La Línea en la pintura

ESA FUERZA DEL TEATRO

El luminoso, con el rótulo de la obra, danzó en color rojo alrededor suyo incitándola a entrar.

Abril cruzó la calle, subió los dos peldaños destellados en cereza y el teatro la devoró.

Cuando la monumental puerta se cerró tras ella, un soplo de viento la elevó acunándola con suavidad. Fue conducida por sinuosos pasillos, hasta que, después de planear sobre un oscuro patio de butacas, la hundió en el primer asiento de la primera fila.

La representación ya había comenzado, pero en el escenario, iluminado de manera difusa, la historia de una tragedia discurría al margen de la niña sentada en una silla en el fondo. Cuando uno de los actores, la interpeló: “Bianca, recoge tu maleta”, ella obediente se acercó al centro del escenario y cogió un pequeño maletín, atestado de sellos y cuños que justificaban el desteñido color ocre de su piel.
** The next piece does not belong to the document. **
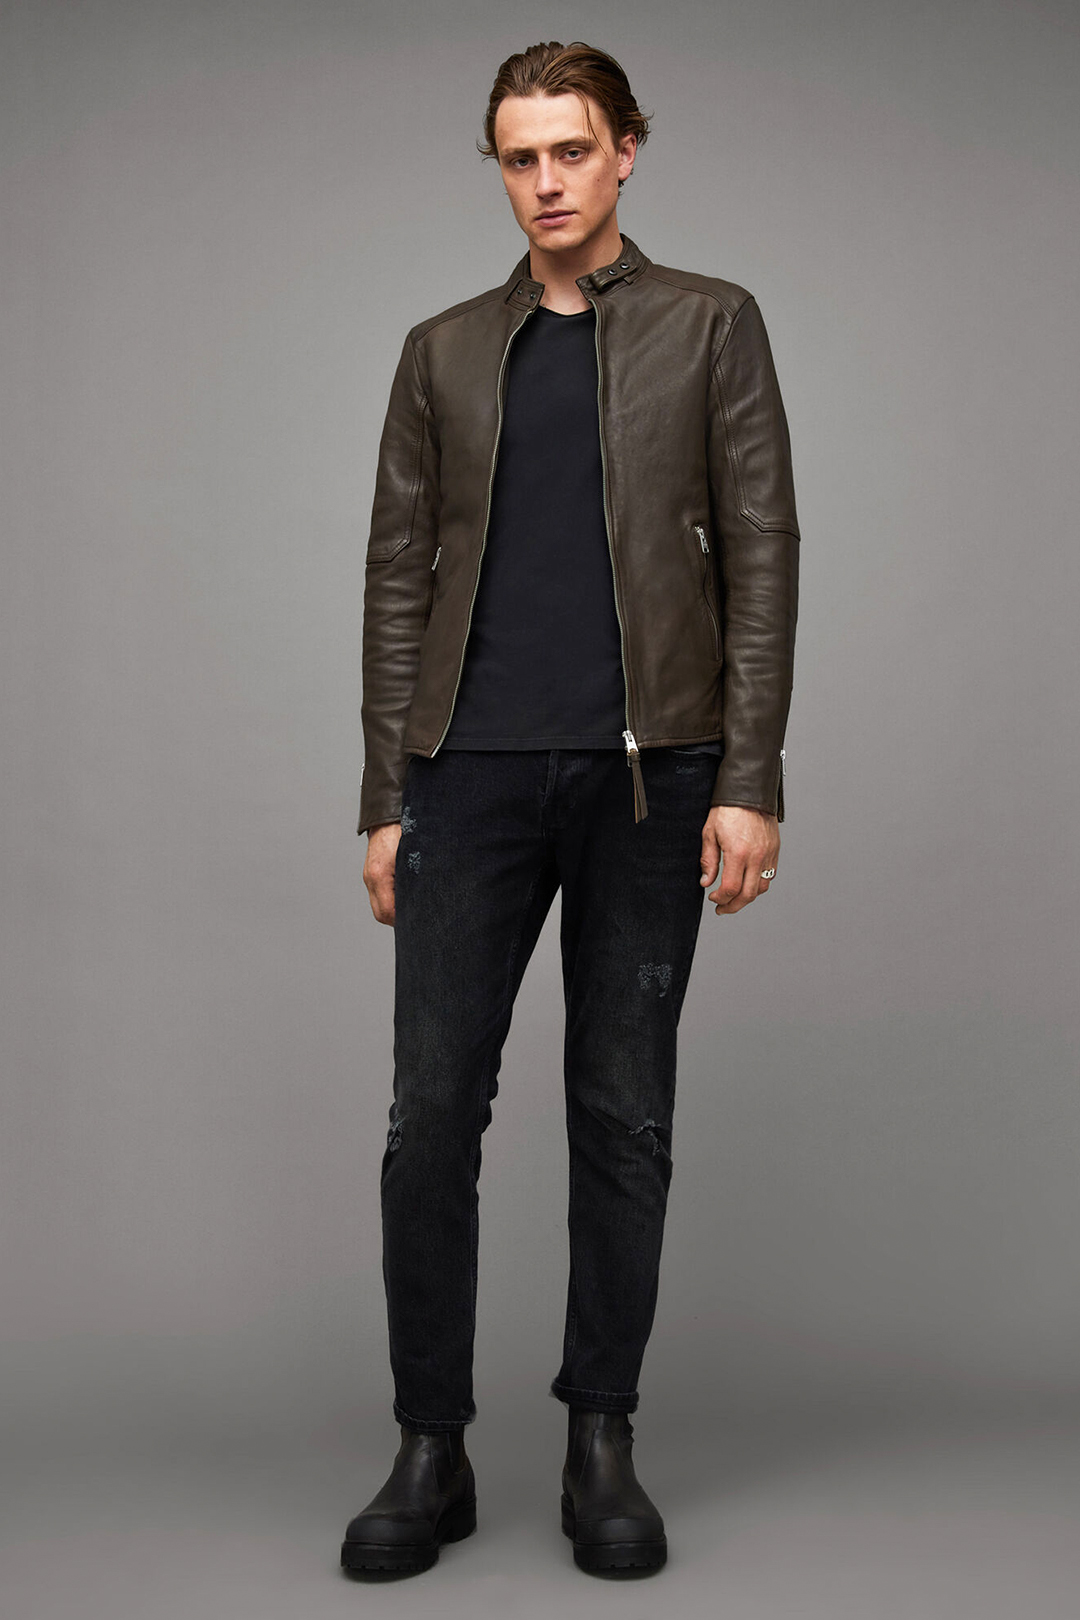 Cafe racer brown jacket, washed black t-shirt, black jeans, and black leather Chelsea boots outfit

Cariacontecida, pero con ojos sonrientes, Bianca se embebió en las caricias y las despedidas guionizadas, mientras se dirigía hacia el fondo con pasos firmes. Se vio frente a un decorado vestido en rojos y naranjas, con árboles de otoño sumidos en una niebla de excesiva pesadez. Antes de desaparecer, engullida por la naturaleza de cartón, volvió la cabeza hacia el patio de butacas, miró a Abril y, con un movimiento grácil de la mano, le indicó que se acercara.
Y allí estaban las dos, con las caras a escasos centímetros de un panel de confusos colores, y con el ruido vago de unos diálogos por detrás. Bianca cogió la mano de Abril, la miró y gritó:

—“Salta”

Un universo cálido las recogió, la niebla se disipaba entre sus dedos, y un sol naranja empapaba con delicados rayos las copas de los árboles. Caminaron por valles, danzaron en desfiladeros, compitieron en igualitarias carreras con gigantescos saltamontes; mordisquearon rojas manzanas, y diseñaron, con hilos dorados en la hierba, un mapa de sueños.

Mientras hablaban, Bianca abrió su maletín, sacó un viejo reloj, y al mirarlo dijo:

—“Es hora de regresar”.

Cogidas de la mano, se pusieron frente a un tronco, y saltaron. Aparecieron de nuevo en el escenario, justo en el momento en el que caía el telón. Allí mismo se despidieron.

Abril se pasaba todos los días por el teatro cuando salía del colegio, pero las puertas permanecían cerradas, y el luminoso languidecía apagado.

Un día lluvioso se sentó en lo alto de las escaleras, y algo llamó su atención. Por debajo de la puerta asomaba la esquina de un papel.

Lo rescató de una oscuridad que ese día brillaba en carmín, y las palabras en él impresas la dejaron sin aliento. Era una carta de Bianca, donde, con pequeñas y bien dibujadas letras, le contaba sus viajes, sus saltos; se quejaba de que las obras de teatro en las que vivía, discurrían en paisajes y ciudades ya conocidos. En los últimos renglones, una promesa, volvería cuando la obra las pudiera transportar, a las dos, a una gran aventura.

Abril empezó a escribir sus propias cartas, las llevaba al teatro y las deslizaba por debajo de la puerta. Allí, de pie, esperaba la luz roja que iluminaba la rendija, y los escalones, y sus propias zapatillas; podía saborear con sus ojos el dulce aroma del vínculo.

Un lunes por la noche, Abril, frente al teatro, dibujó sonrisas y guiños dorados en su sombra. El luminoso le cantaba con la luz cereza tan deseada: “Amélie”.